- _Directions_
Print the records below word for word, but leave out the pictures.

- _Collection entries_
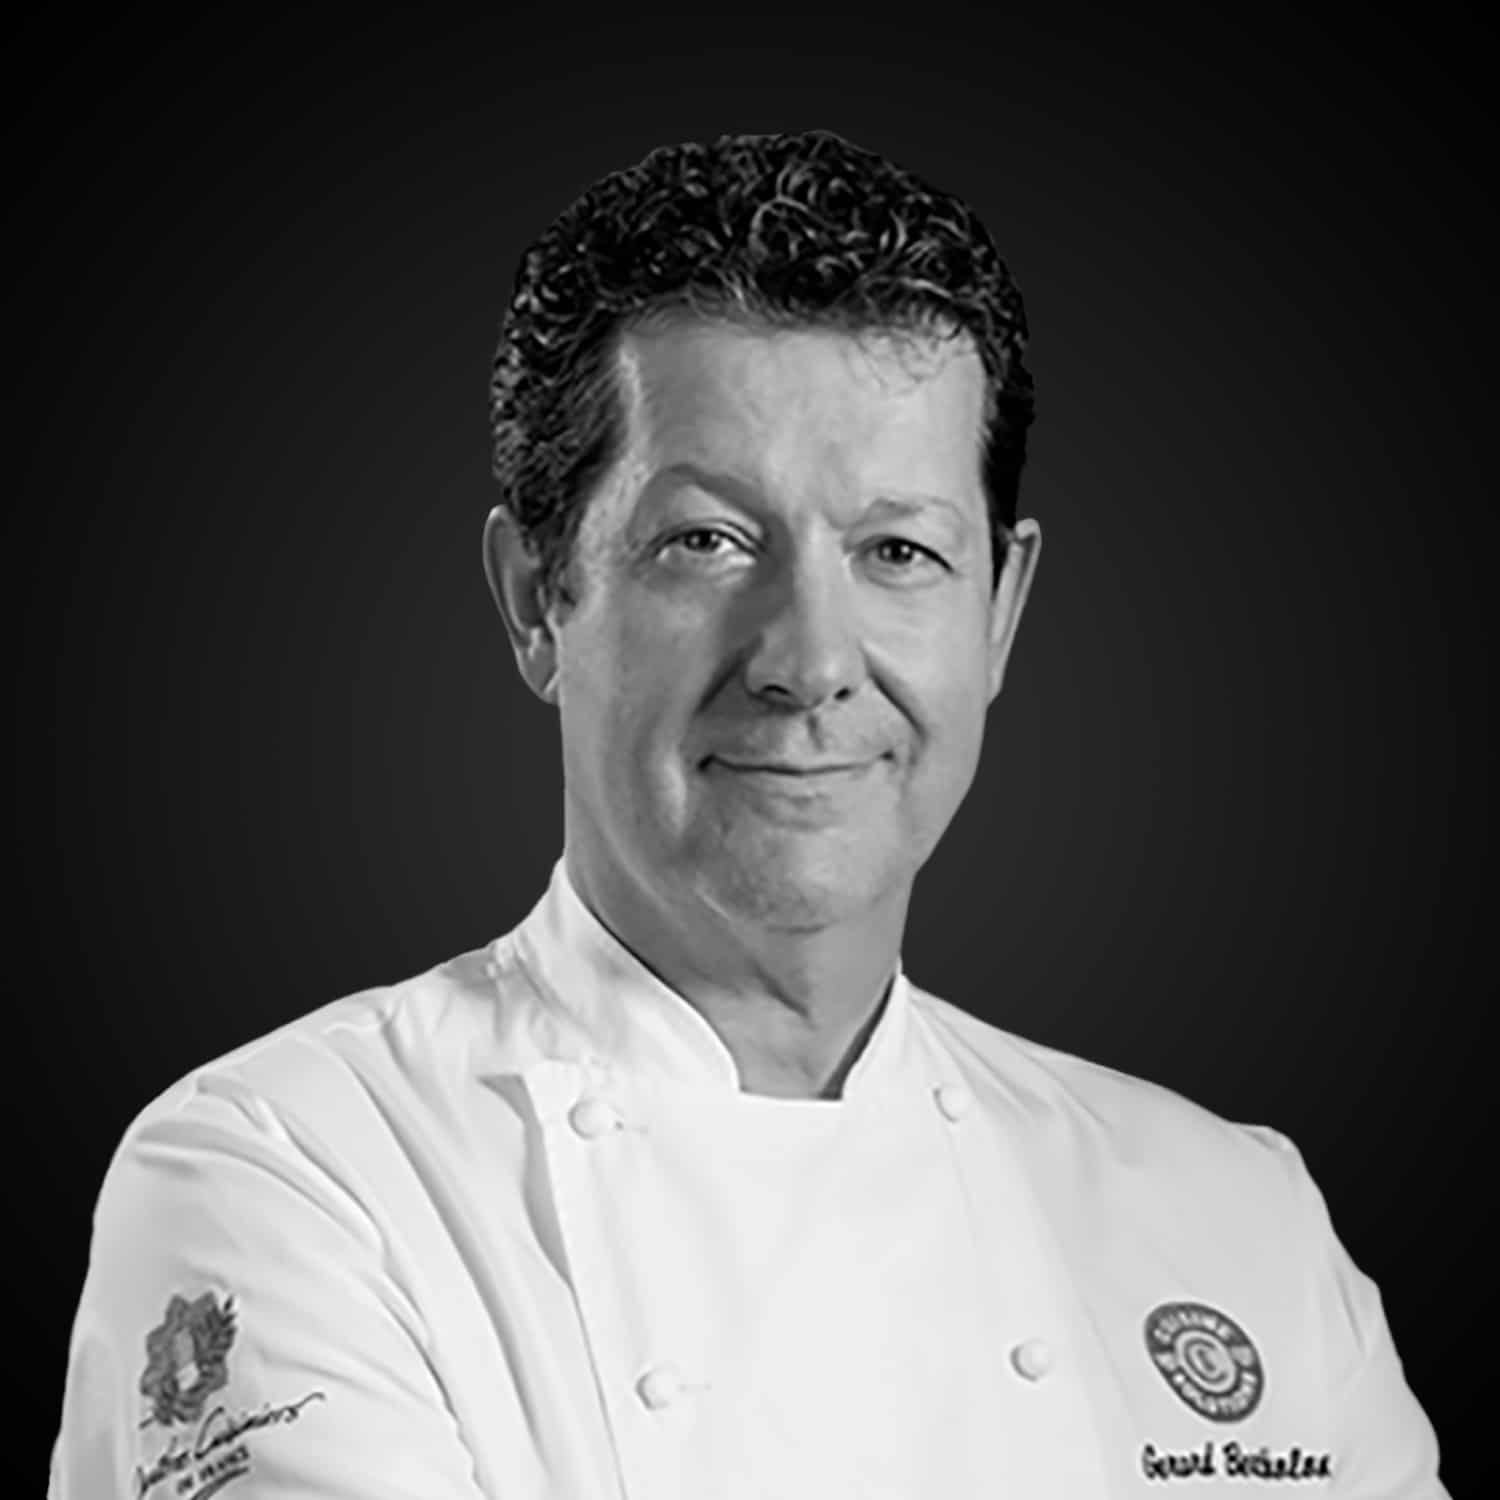 Portrait of Chef Gerard Bertholon
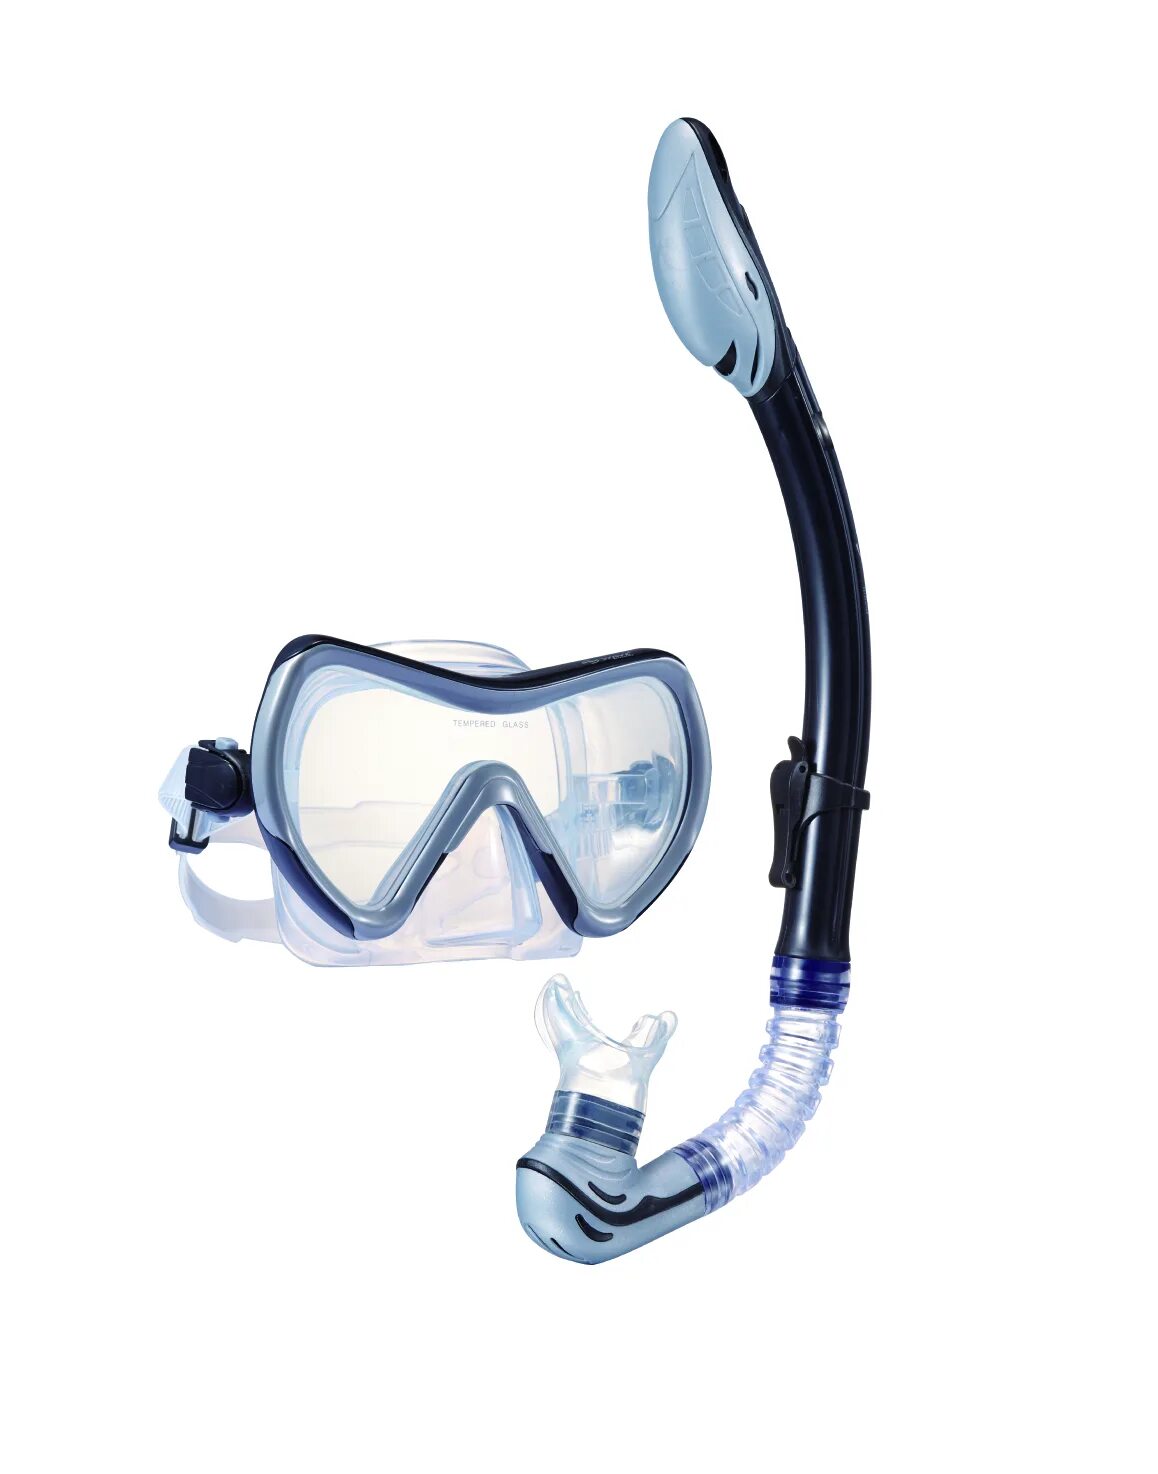 Mask Snorkel Set PVC маска+трубка. Маска для плавания Wave m-1314. Маска для плавания Wave m-1328. Маска с трубкой Советская. Pro for wave маска
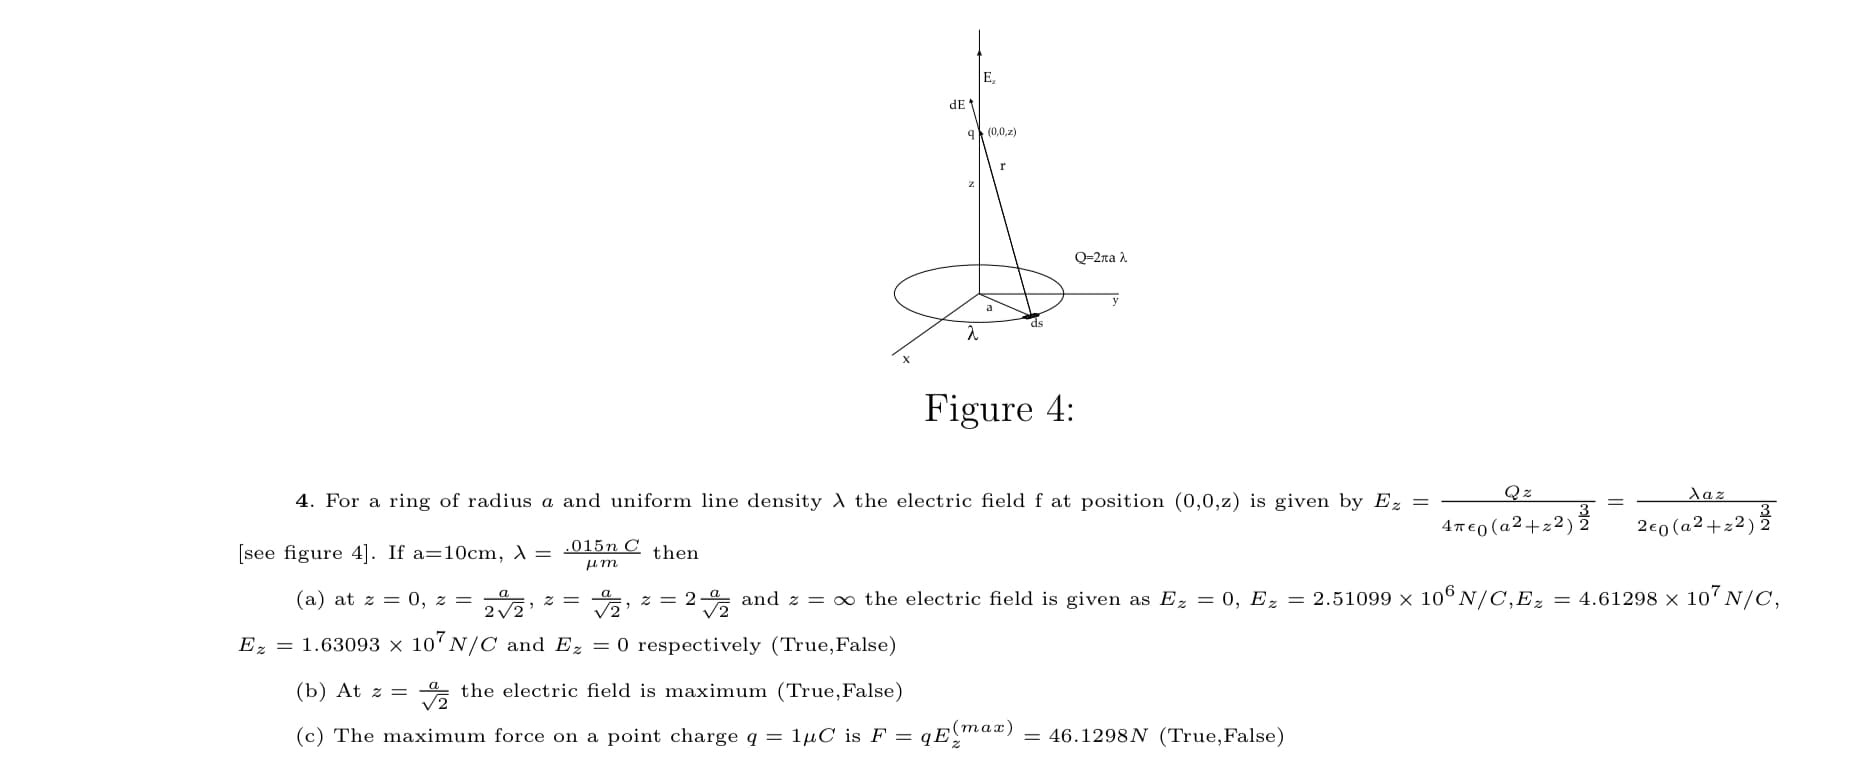 E,
dE
9 (0,0,z)
Q=2ra .
a
ds
Figure 4:
4. For a ring of radius a and uniform line density the electric field f at position (0,0,z) is given by Ez =
Qz
Xaz
3
4T€0 (a2+z2) 2
2e0 (a2+z2) 2
.015n C
[see figure 4]. If a=10cm, A
then
(a) at z = 0, z =
z = 2- and z = ∞ the electric field is given as Ez = 0, Ez = 2.51099 × 106 N/C,Ez
= 4.61298 x 107 N/C,
a
= 2
V2
Ez = 1.63093 x 10 N/C and Ez = 0 respectively (True,False)
(b) At z =
V2
* the electric field is maximum (True,False)
(c) The maximum force on a point charge q = 1µC is F = qE"max)
= 46.1298N (True,False)
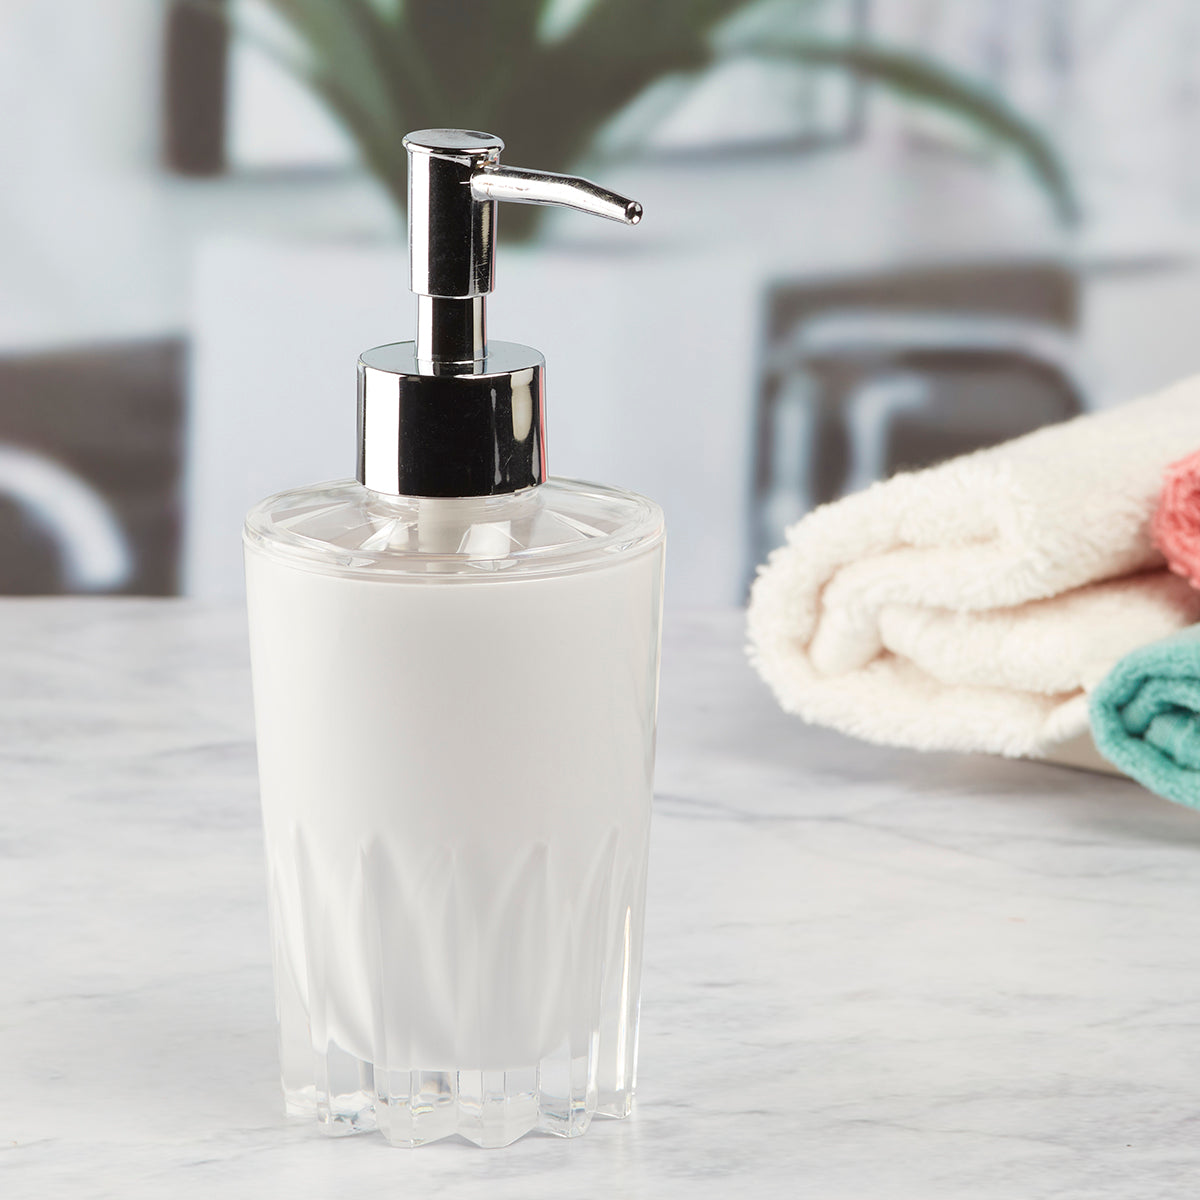 Kookee Acrylic Liquid Handwash Soap Dispenser pump for Bathroom, Hand wash refillable bottle for Kitchen wash basin, Set of 1 (8457)

- _Output for this exercise_
 Portrait of Chef Gerard Bertholon
 Mask Snorkel Set PVC маска+трубка. Маска для плавания Wave m-1314. Маска для плавания Wave m-1328. Маска с трубкой Советская. Pro for wave маска
 E,
dE
9 (0,0,z)
Q=2ra .
a
ds
Figure 4:
4. For a ring of radius a and uniform line density the electric field f at position (0,0,z) is given by Ez =
Qz
Xaz
3
4T€0 (a2+z2) 2
2e0 (a2+z2) 2
.015n C
[see figure 4]. If a=10cm, A
then
(a) at z = 0, z =
z = 2- and z = ∞ the electric field is given as Ez = 0, Ez = 2.51099 × 106 N/C,Ez
= 4.61298 x 107 N/C,
a
= 2
V2
Ez = 1.63093 x 10 N/C and Ez = 0 respectively (True,False)
(b) At z =
V2
* the electric field is maximum (True,False)
(c) The maximum force on a point charge q = 1µC is F = qE"max)
= 46.1298N (True,False)
 Kookee Acrylic Liquid Handwash Soap Dispenser pump for Bathroom, Hand wash refillable bottle for Kitchen wash basin, Set of 1 (8457)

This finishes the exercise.